* Work item
Look for the line containing "hotel-sole en triple-rooms 001" and the line containing "Vietnam nel 1968'" in the entries below. Copy those two and all lines between them exactly, leaving out pictures.
-------- Provided records --------
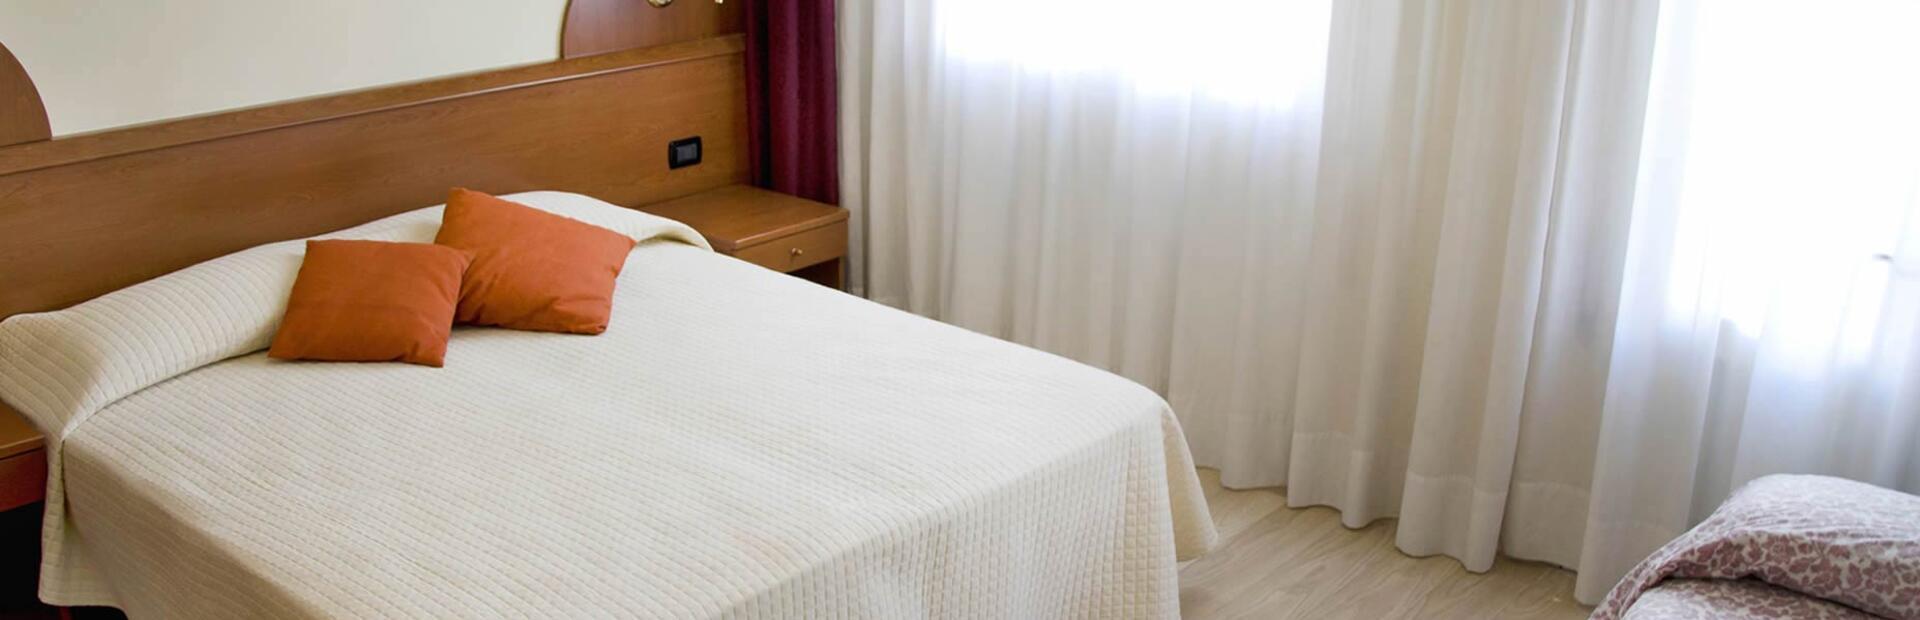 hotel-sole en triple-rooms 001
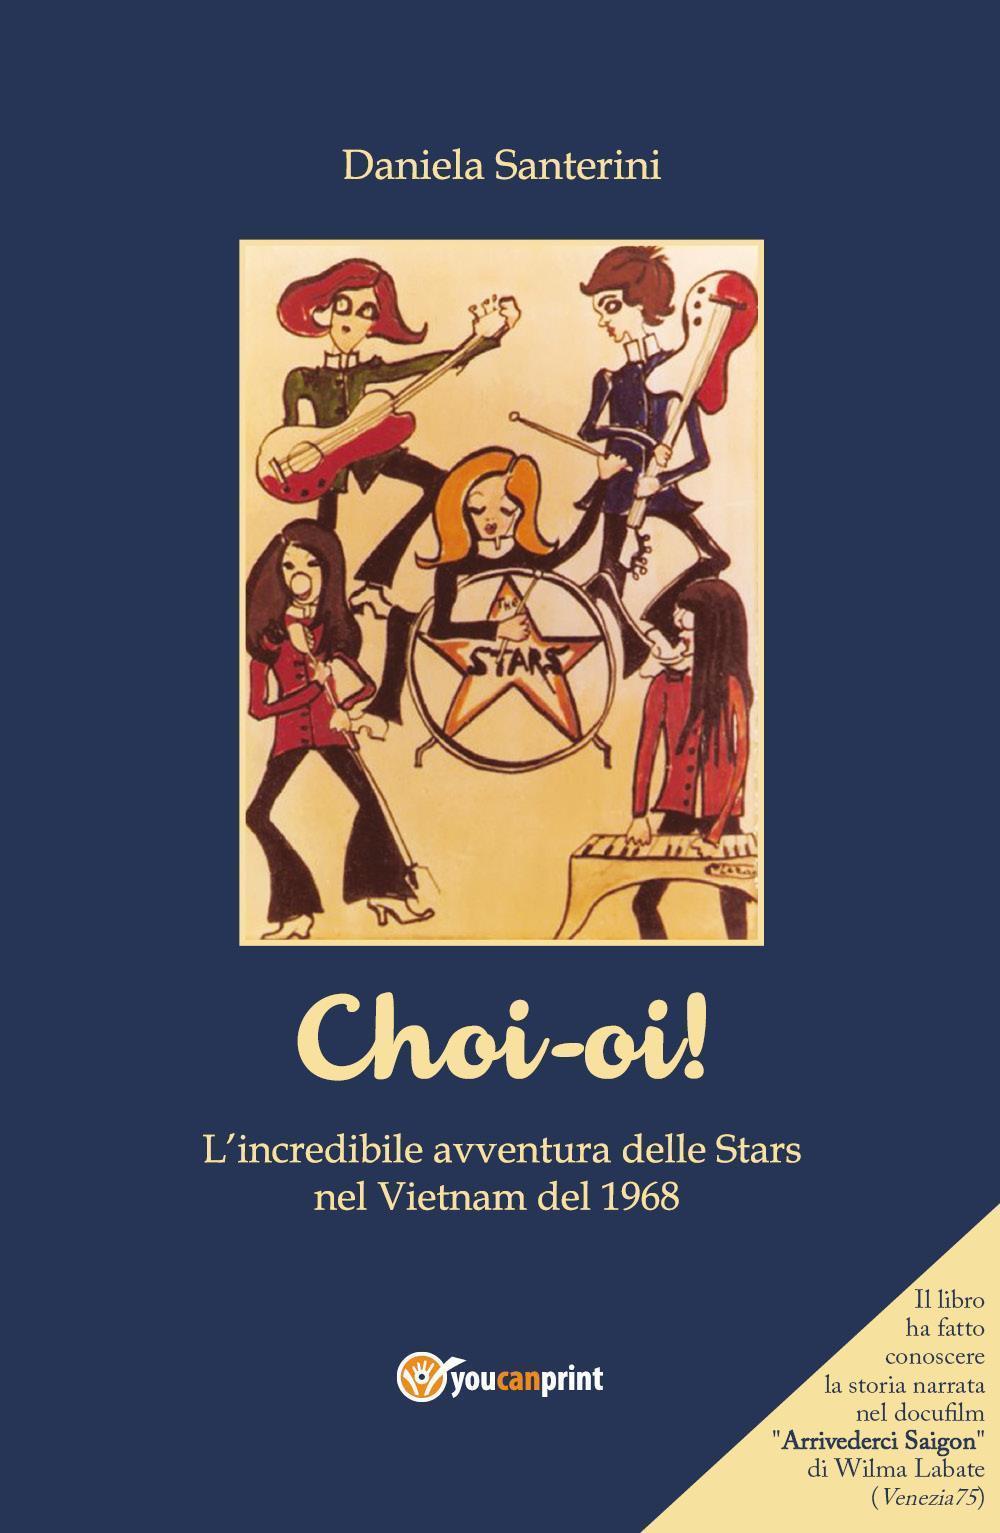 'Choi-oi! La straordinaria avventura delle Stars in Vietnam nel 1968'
--------
-------- Provided records --------
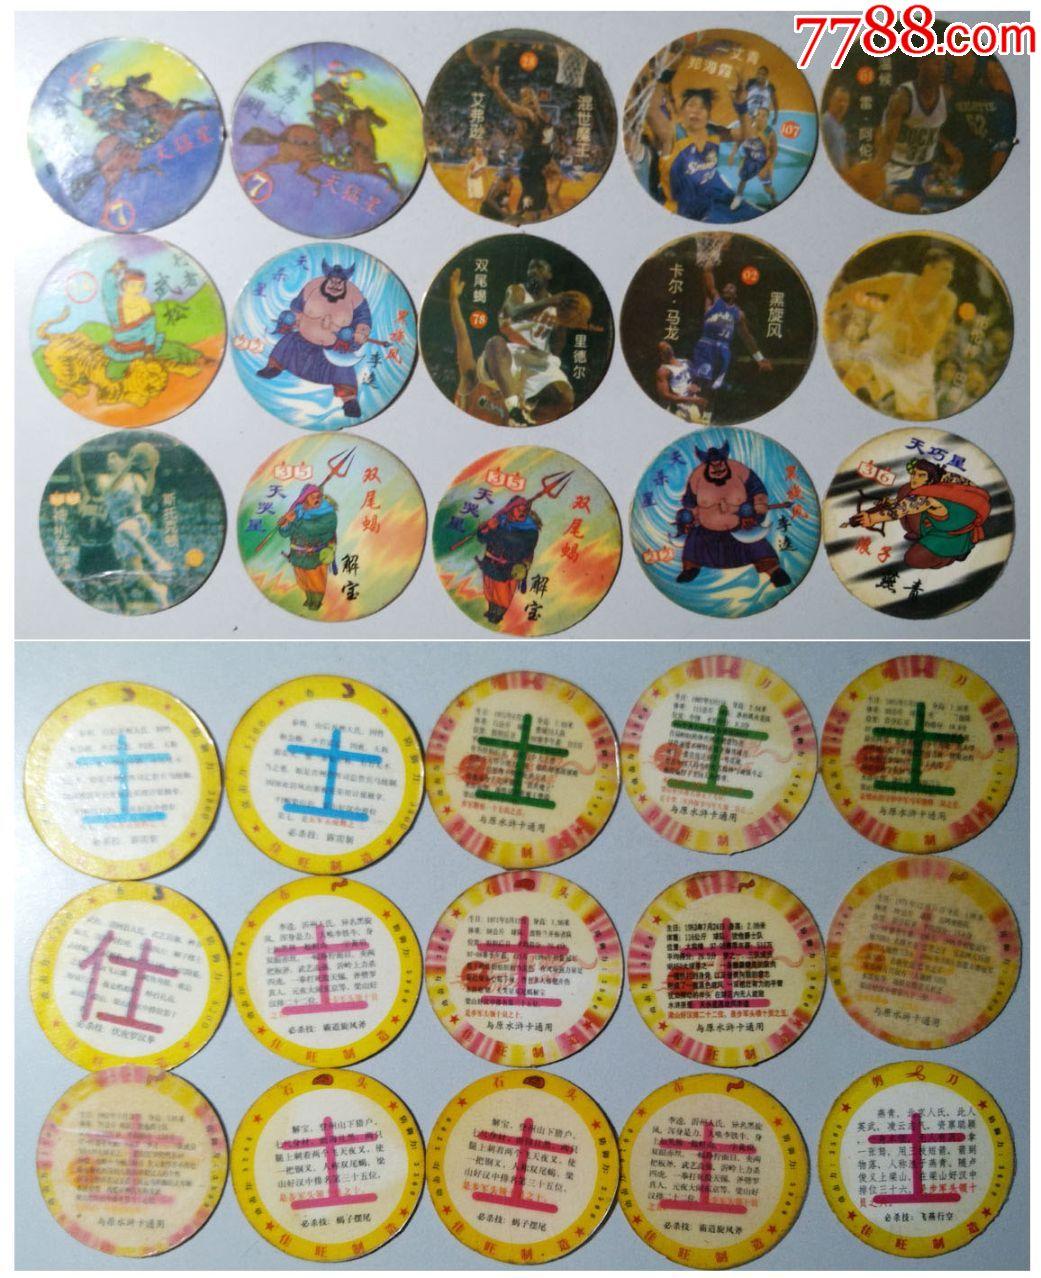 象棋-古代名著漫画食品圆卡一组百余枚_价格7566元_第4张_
--------
-------- Provided records --------
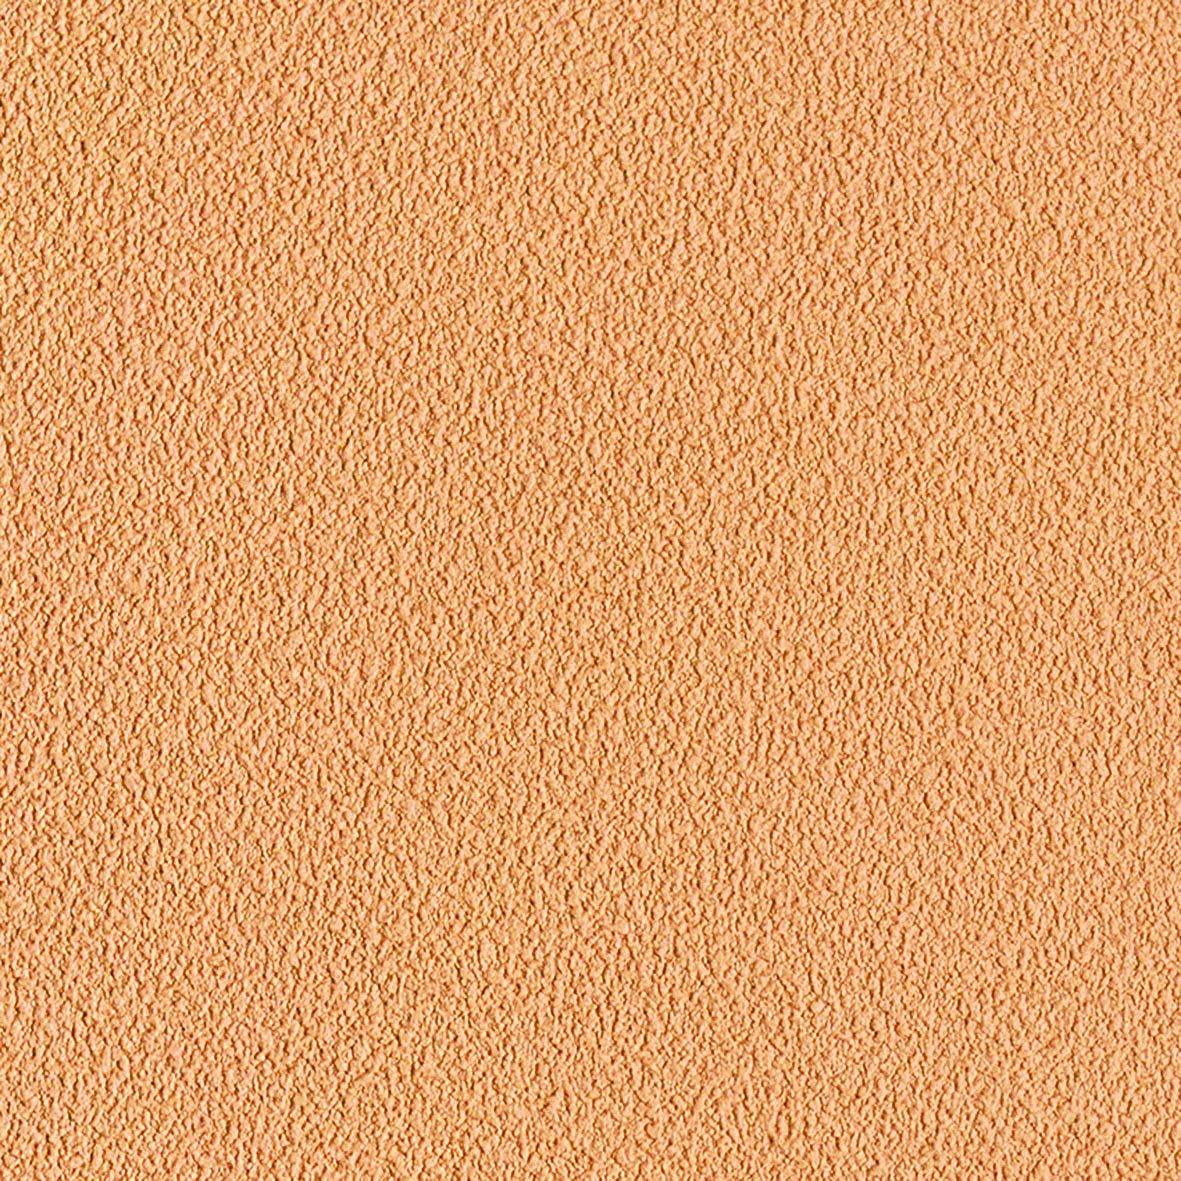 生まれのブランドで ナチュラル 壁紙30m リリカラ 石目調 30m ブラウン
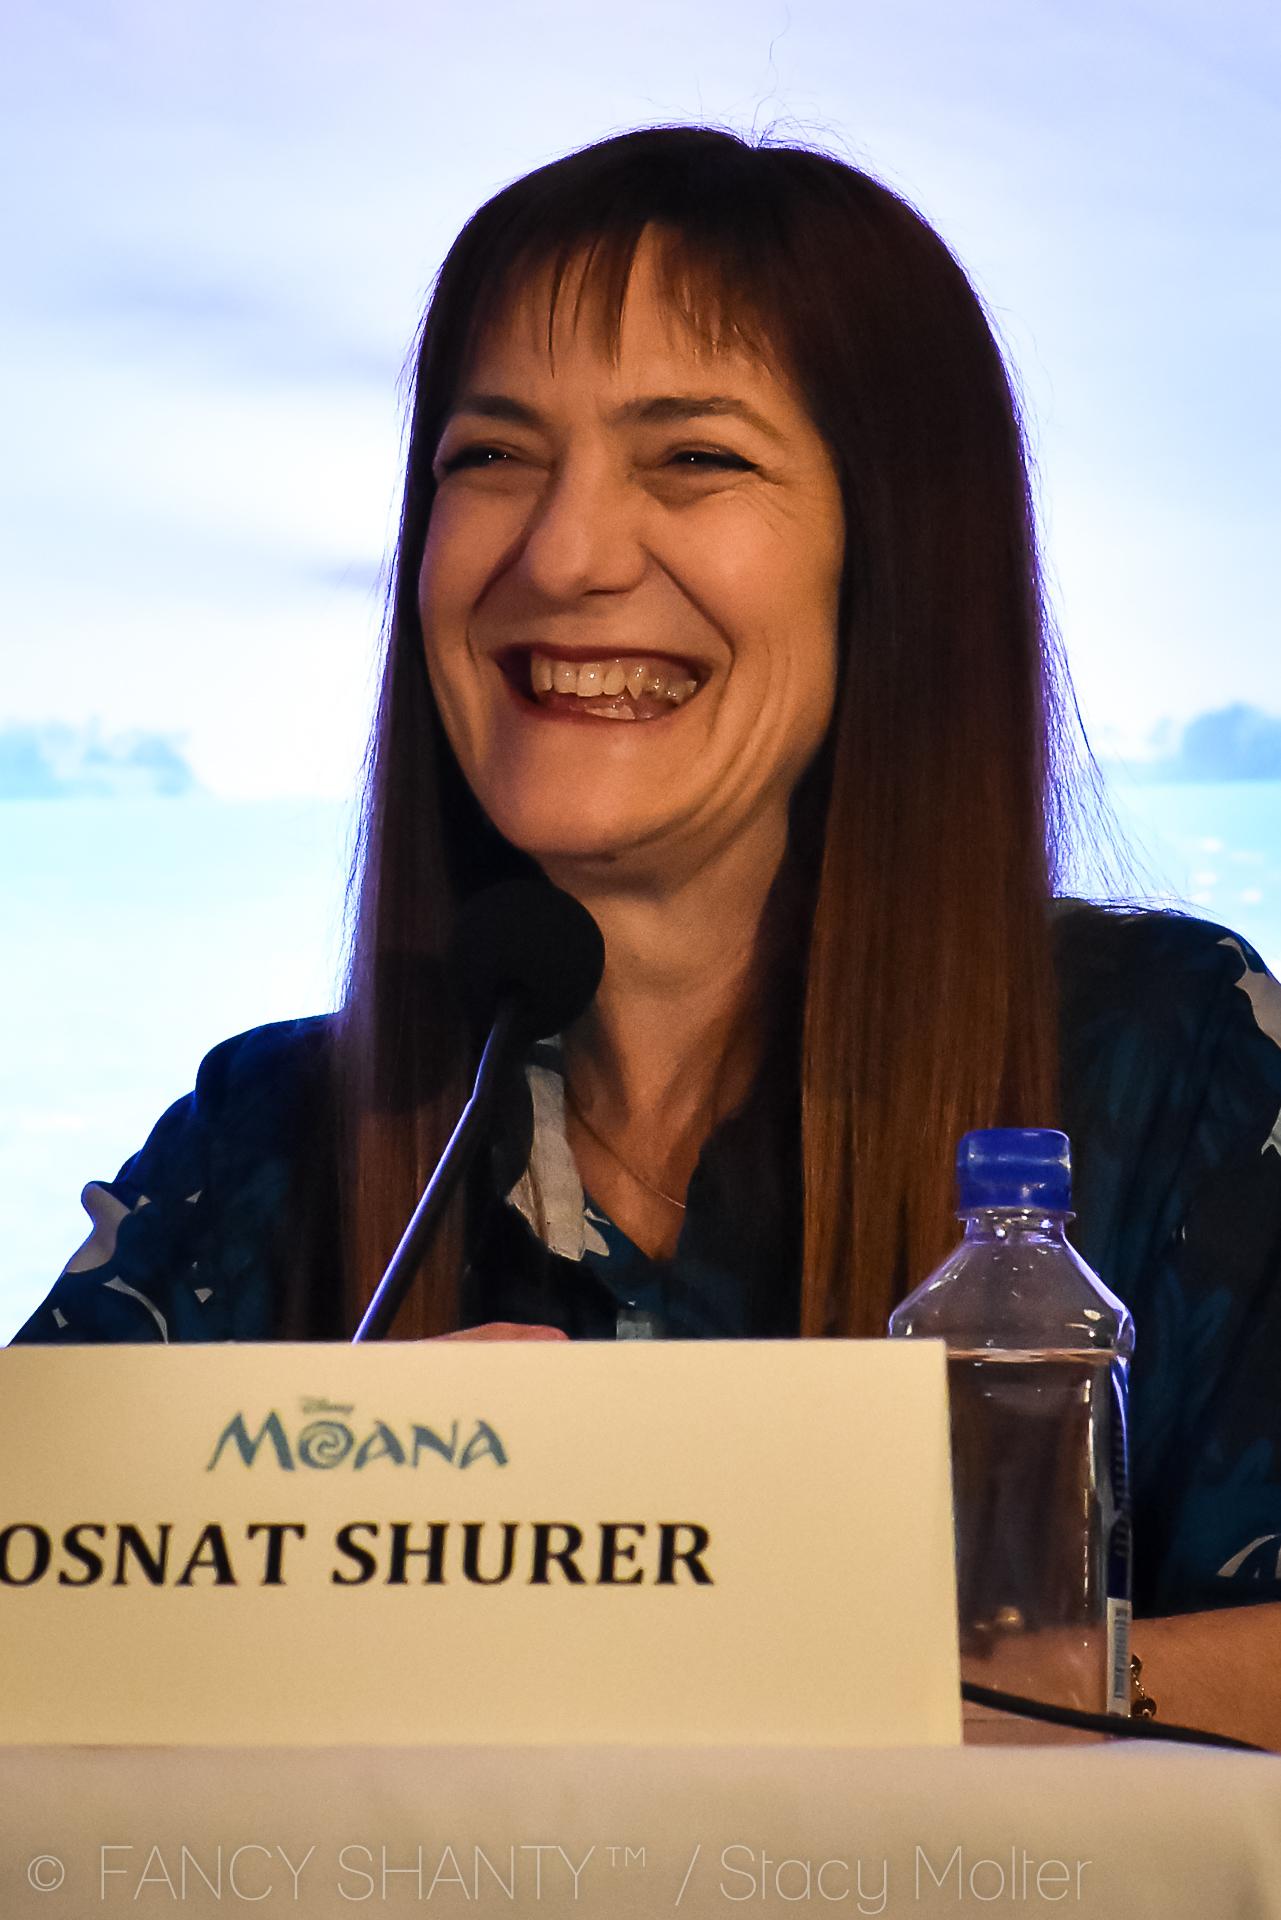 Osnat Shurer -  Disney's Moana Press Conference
--------
* Written answer
 hotel-sole en triple-rooms 001
 'Choi-oi! La straordinaria avventura delle Stars in Vietnam nel 1968'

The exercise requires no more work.